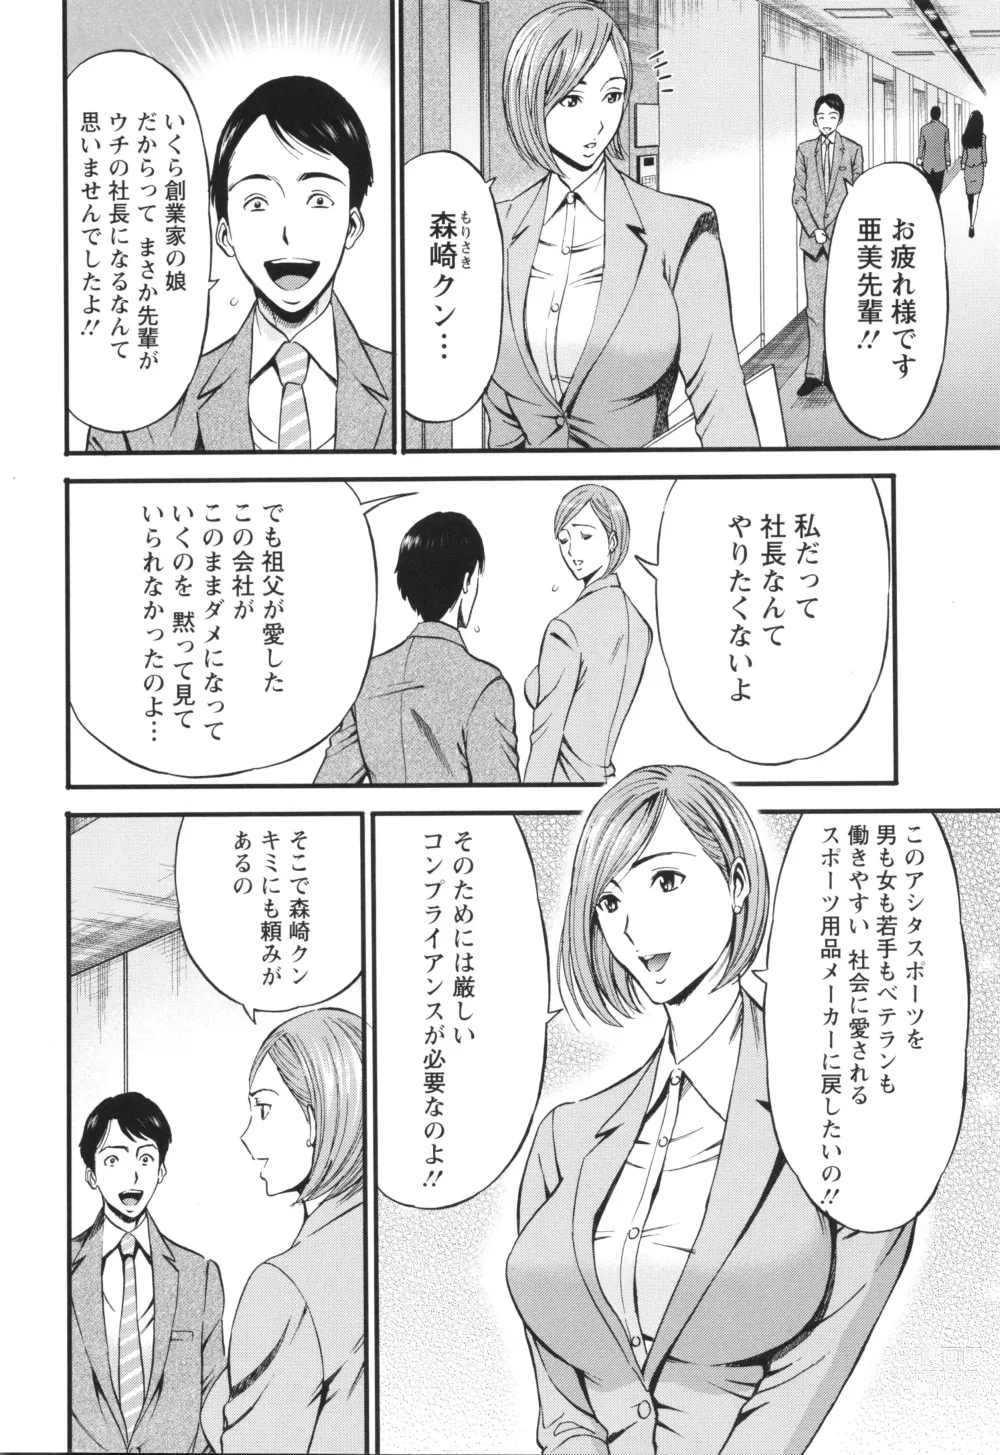 Page 10 of manga Compla Yuruyuru Chimari-san  - Chimaris compliance awareness is very lax.
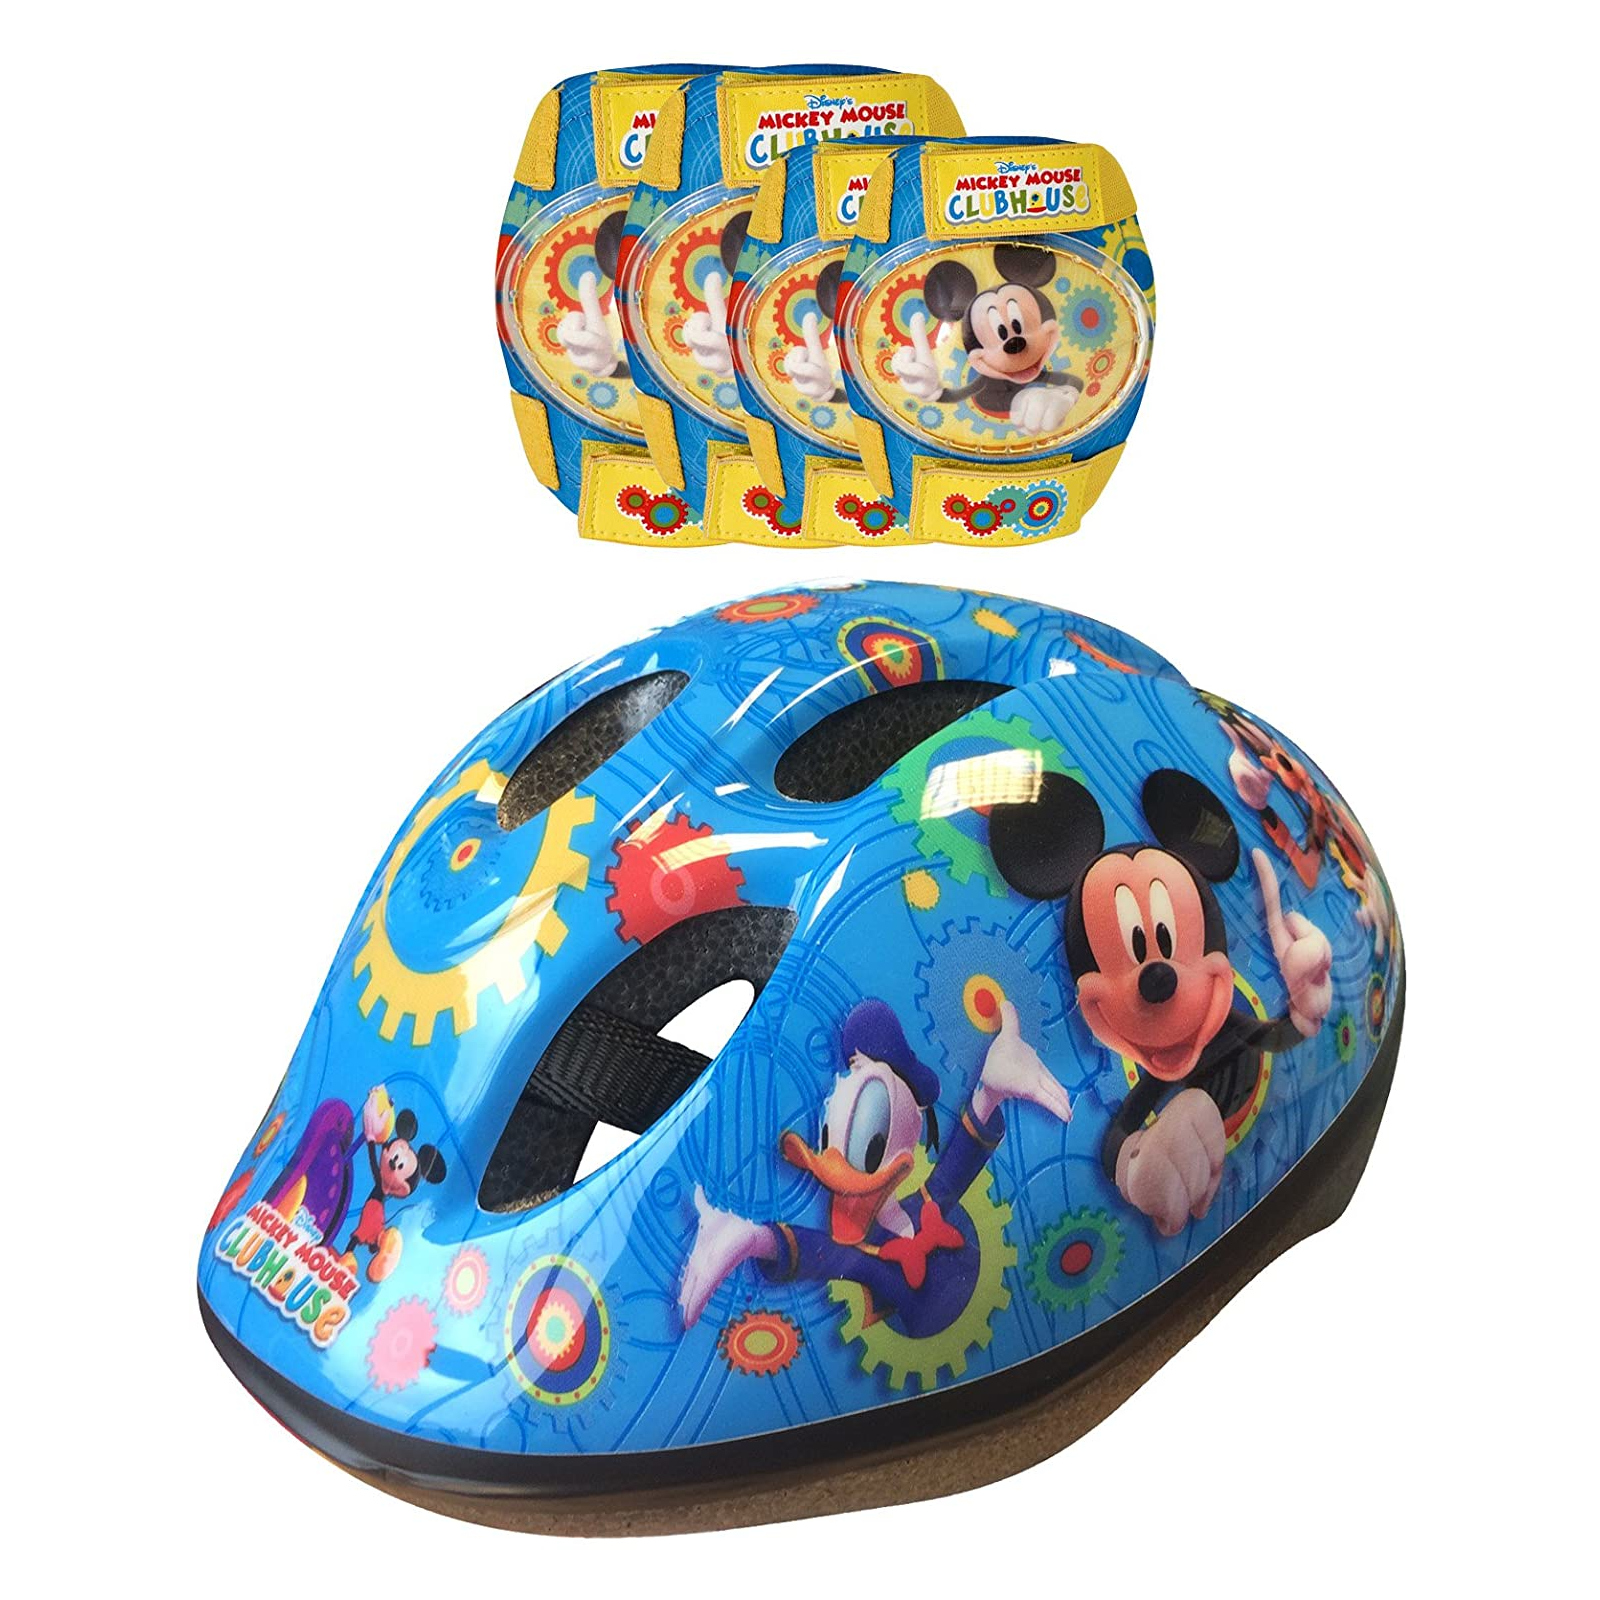 Capacete E Proteções Criança Mickey Mouse Tam. 53-56 Cm | Sport Zone MKP
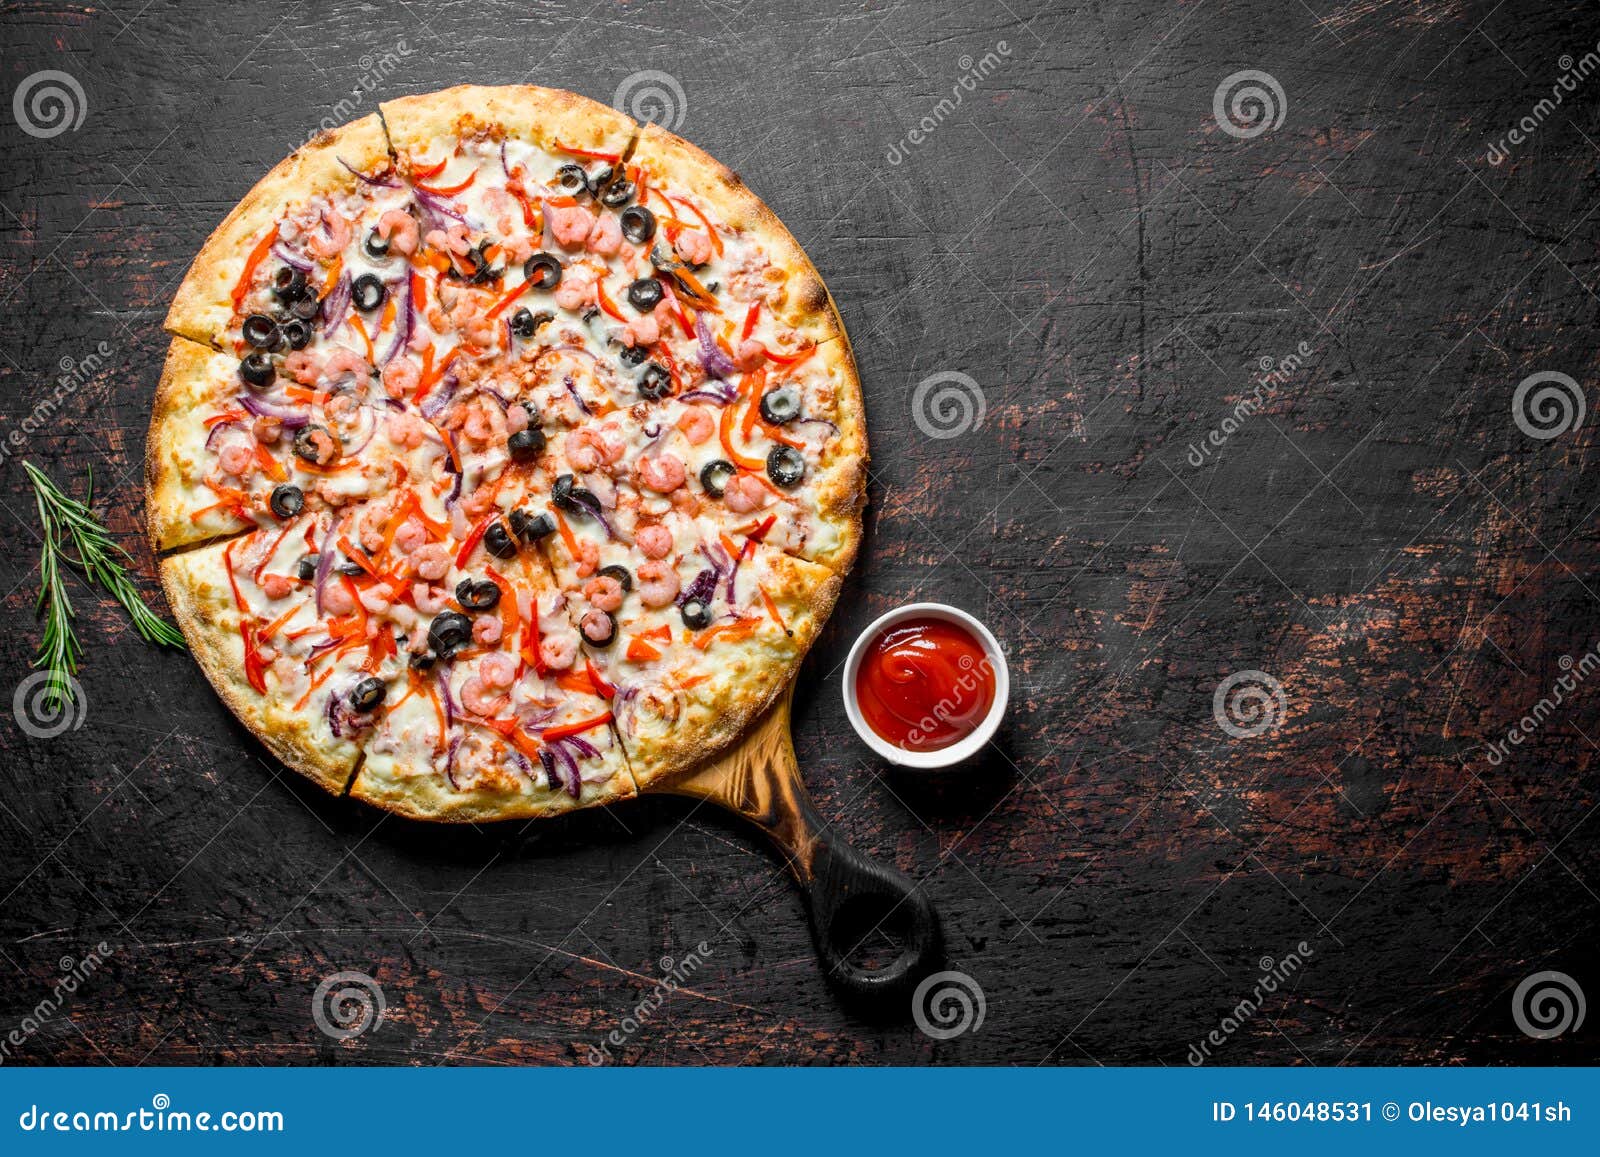 фрутти ди маре пицца состав фото 102
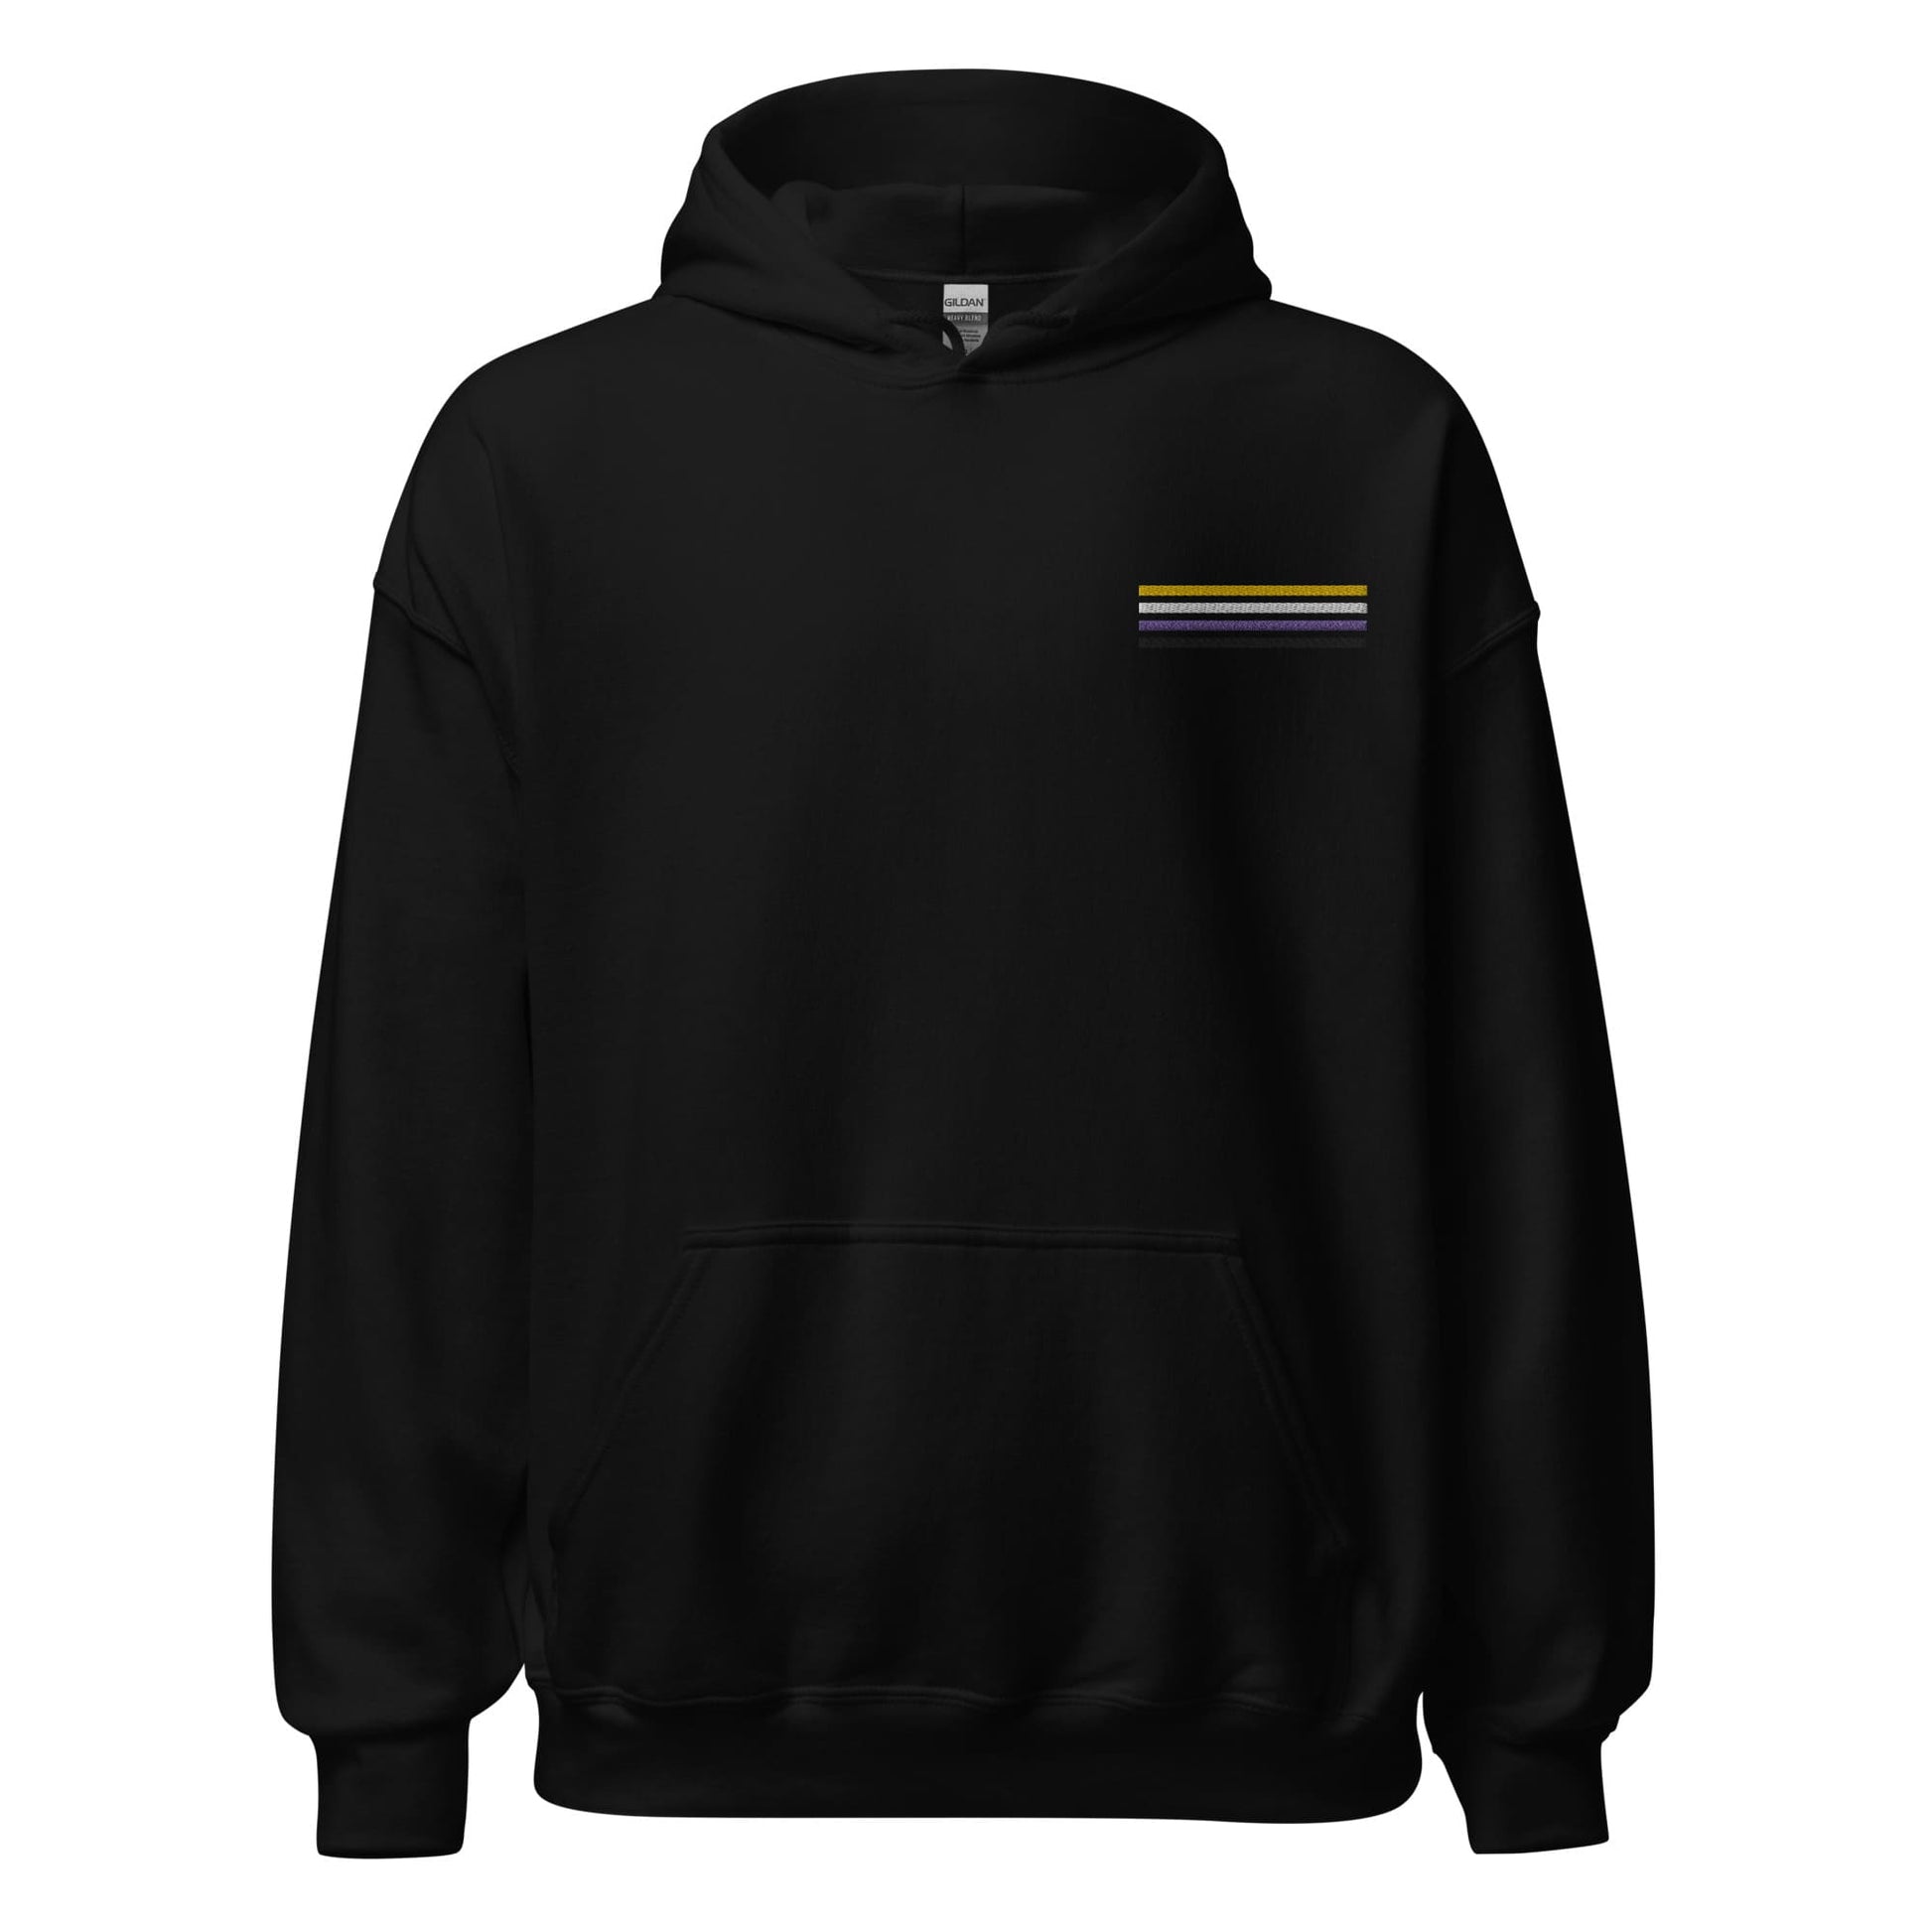 nonbinary hoodie, subtle enby pride flag embroidered pocket design hooded sweatshirt, hang

════════════════════

Work request
Repeat the data above exactly, images excluded.

Your solution
 Page 10 of manga Compla Yuruyuru Chimari-san  - Chimaris compliance awareness is very lax.
 Capacete E Proteções Criança Mickey Mouse Tam. 53-56 Cm | Sport Zone MKP
 фрутти ди маре пицца состав фото 102
 nonbinary hoodie, subtle enby pride flag embroidered pocket design hooded sweatshirt, hang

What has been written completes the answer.